I am trying to do some calculations related to the Vacisek model, but I think I am mixing up concepts and I'm not getting to any solution. Let me explain what the problem is.
The Vacisek model follows the SDE $$dR_t = -a(R_t-b)dt + \sigma dW_t$$ with $R_0 = r_0$, with $a, b, \sigma > 0$ and $(W_t : t \in [0,T])$ is a Brownian Motion with filtration $\{\mathscr{F}_{t}\}_{t\geq0}$. It can be shown that the solution to this SDE is $$ R_t = b +(r_0 - b)e^{-at} + \sigma \int_0^te^{-a(t-s)}dW_s $$
Now, assuming that $a = 0$, I would like to compute $$ \mathbb E\left[\left(\int_t^T R_sds - M_t \right)^2 \middle| \mathscr{F}_t\right] \mbox{ for $t \leq T$} $$
where $M_t = \mathbb E\left[\int_t^T R_sds \middle| \mathscr{F}_t\right]$.
I have started by doing the following: $$ \mathbb E\left[\int_t^T R_sds \middle| \mathscr{F}_t\right] = \mathbb E\left[\int_t^T r_0 + \sigma W_sds \middle| \mathscr{F}_t\right] $$
My problem is how to move forward from here, the conditional expectation is making me doubt whether I should have taken a different approach. Any hints are welcome.

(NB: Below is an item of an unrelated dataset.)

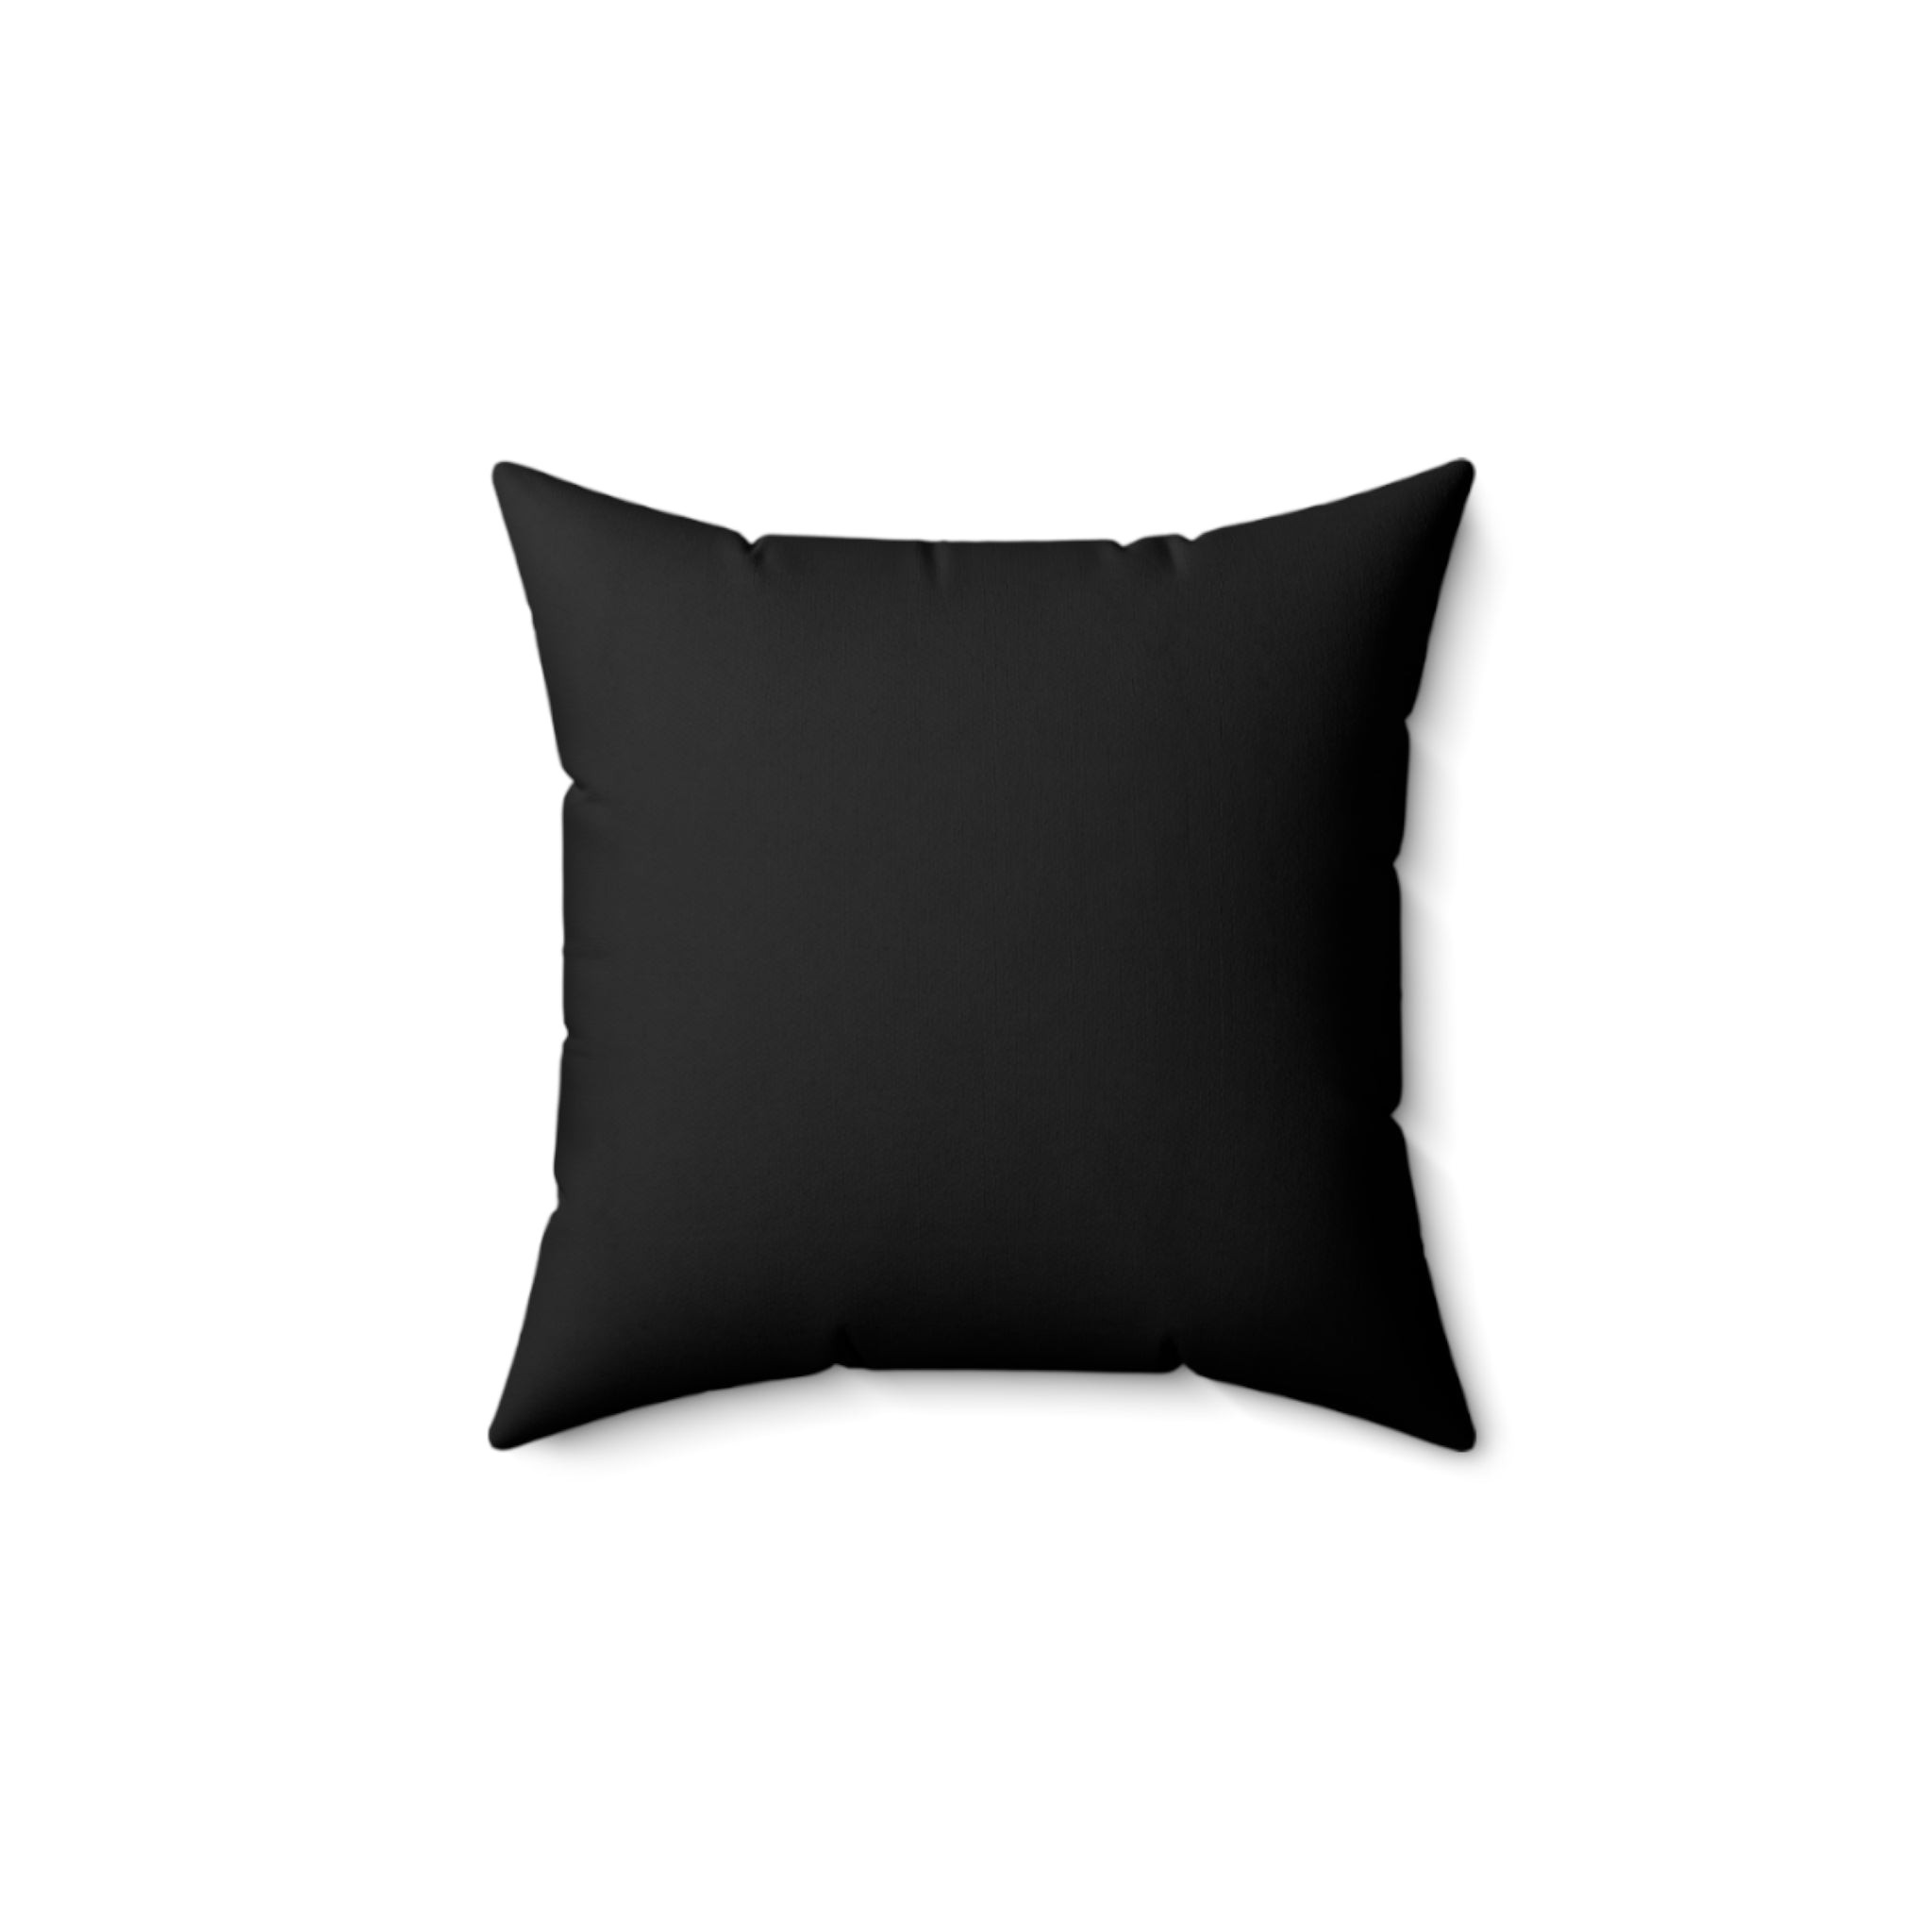 Phantom Butterfly Faux Suede Pillow Cover: Black and White

If $a=0$, then $R_s=r_0+\sigma W_s$ for every $s$ hence $$ K_T=\int_t^TR_s\mathrm ds=(T-t)(r_0+\sigma W_t)+\sigma\int_0^{T-t}V_s\mathrm ds, $$ where $V=(W_{t+s}-W_t)_{s\geqslant0}$ is independent of $\mathcal F_t$. Thus, $M_T=E(K_T\mid\mathcal F_t)$ is $$ M_T=(T-t)(r_0+\sigma W_t)+\sigma\int_0^{T-t}E(V_s)\mathrm ds= (T-t)(r_0+\sigma W_t), $$ and $$ K_T-M_T=\sigma\int_0^{T-t}V_s\mathrm ds, $$ is independent of $\mathcal F_t$. Thus, $$ E((K_T-M_T)^2\mid\mathcal F_t)=E((K_T-M_T)^2)=u(T-t), $$ where, for every nonnegative $\tau$, $$ u(\tau)=\sigma^2\iint_{[0,\tau]^2}E(V_sV_u)\mathrm ds\mathrm du=\sigma^2\int_0^{\tau}\int_0^u2s\mathrm ds\mathrm du=\frac13\sigma^2\tau^3.$$